# TASK PROMPT
Using the records that appear below, write out exactly the lines from the one with "Sina&Anthony, Vienne - deux" through the one with "ROBOT HÚT BỤI", keeping both end lines.

# ENTRIES SUPPLIED
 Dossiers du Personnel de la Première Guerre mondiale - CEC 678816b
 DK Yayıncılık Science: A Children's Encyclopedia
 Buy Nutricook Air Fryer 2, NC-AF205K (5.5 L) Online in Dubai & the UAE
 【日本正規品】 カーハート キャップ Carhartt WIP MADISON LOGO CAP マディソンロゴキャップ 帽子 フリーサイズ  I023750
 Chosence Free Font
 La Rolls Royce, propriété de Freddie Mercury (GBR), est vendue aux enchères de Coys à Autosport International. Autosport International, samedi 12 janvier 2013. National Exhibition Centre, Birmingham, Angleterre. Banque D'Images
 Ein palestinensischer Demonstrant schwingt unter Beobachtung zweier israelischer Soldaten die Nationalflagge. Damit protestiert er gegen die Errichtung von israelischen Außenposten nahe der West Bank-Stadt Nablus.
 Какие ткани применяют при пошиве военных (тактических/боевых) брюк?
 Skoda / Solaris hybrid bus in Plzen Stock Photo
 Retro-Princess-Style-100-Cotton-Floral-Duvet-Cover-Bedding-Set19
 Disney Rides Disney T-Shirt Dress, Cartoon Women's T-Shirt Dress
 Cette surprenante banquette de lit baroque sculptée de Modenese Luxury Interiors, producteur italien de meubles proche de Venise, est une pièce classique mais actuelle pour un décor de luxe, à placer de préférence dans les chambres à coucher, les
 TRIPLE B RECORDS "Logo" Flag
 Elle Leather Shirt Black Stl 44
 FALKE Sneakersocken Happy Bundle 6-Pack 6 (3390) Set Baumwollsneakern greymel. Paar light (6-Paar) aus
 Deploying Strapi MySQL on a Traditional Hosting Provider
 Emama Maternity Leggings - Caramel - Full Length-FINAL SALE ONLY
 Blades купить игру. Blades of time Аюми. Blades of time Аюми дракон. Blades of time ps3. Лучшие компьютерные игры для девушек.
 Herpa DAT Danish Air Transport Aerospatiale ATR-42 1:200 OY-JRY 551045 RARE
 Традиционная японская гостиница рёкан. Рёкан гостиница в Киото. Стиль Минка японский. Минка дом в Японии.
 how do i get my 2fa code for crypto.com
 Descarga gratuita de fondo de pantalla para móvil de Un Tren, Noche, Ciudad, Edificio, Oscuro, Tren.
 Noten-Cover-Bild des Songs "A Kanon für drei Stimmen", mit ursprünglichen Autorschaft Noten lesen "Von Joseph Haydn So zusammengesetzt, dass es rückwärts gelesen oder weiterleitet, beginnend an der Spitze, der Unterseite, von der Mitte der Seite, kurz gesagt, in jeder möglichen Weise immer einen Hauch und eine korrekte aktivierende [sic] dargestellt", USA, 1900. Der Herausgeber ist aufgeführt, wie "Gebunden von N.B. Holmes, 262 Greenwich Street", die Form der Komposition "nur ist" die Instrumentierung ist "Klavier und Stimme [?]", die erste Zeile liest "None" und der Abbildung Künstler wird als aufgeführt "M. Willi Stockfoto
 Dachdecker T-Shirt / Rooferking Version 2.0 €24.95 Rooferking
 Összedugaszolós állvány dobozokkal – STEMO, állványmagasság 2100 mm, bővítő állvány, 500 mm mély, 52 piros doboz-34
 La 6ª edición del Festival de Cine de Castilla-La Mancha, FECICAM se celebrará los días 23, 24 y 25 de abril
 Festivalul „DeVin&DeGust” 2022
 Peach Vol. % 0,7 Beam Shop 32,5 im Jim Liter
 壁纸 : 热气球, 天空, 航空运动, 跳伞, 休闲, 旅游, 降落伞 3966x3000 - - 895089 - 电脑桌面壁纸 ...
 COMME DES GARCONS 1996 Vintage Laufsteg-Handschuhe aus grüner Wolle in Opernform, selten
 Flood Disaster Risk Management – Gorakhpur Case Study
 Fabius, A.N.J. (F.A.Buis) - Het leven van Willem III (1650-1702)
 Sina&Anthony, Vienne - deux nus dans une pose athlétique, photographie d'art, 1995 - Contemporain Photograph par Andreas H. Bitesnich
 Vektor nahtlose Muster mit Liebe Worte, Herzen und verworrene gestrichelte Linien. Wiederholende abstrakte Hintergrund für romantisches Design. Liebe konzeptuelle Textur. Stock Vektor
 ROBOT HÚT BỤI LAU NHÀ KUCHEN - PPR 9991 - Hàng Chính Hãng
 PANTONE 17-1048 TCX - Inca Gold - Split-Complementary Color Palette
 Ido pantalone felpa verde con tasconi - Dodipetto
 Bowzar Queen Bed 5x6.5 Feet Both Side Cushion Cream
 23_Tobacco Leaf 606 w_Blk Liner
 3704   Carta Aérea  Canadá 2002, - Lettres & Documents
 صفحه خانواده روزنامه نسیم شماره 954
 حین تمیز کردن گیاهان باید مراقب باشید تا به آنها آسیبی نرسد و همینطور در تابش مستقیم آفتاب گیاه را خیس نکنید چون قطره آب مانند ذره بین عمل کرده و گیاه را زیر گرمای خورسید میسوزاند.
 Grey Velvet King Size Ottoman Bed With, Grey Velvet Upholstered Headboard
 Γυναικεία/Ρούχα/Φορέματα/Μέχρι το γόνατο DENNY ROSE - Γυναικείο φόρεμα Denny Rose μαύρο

# RESPONSE AREA
 Sina&Anthony, Vienne - deux nus dans une pose athlétique, photographie d'art, 1995 - Contemporain Photograph par Andreas H. Bitesnich
 Vektor nahtlose Muster mit Liebe Worte, Herzen und verworrene gestrichelte Linien. Wiederholende abstrakte Hintergrund für romantisches Design. Liebe konzeptuelle Textur. Stock Vektor
 ROBOT HÚT BỤI LAU NHÀ KUCHEN - PPR 9991 - Hàng Chính Hãng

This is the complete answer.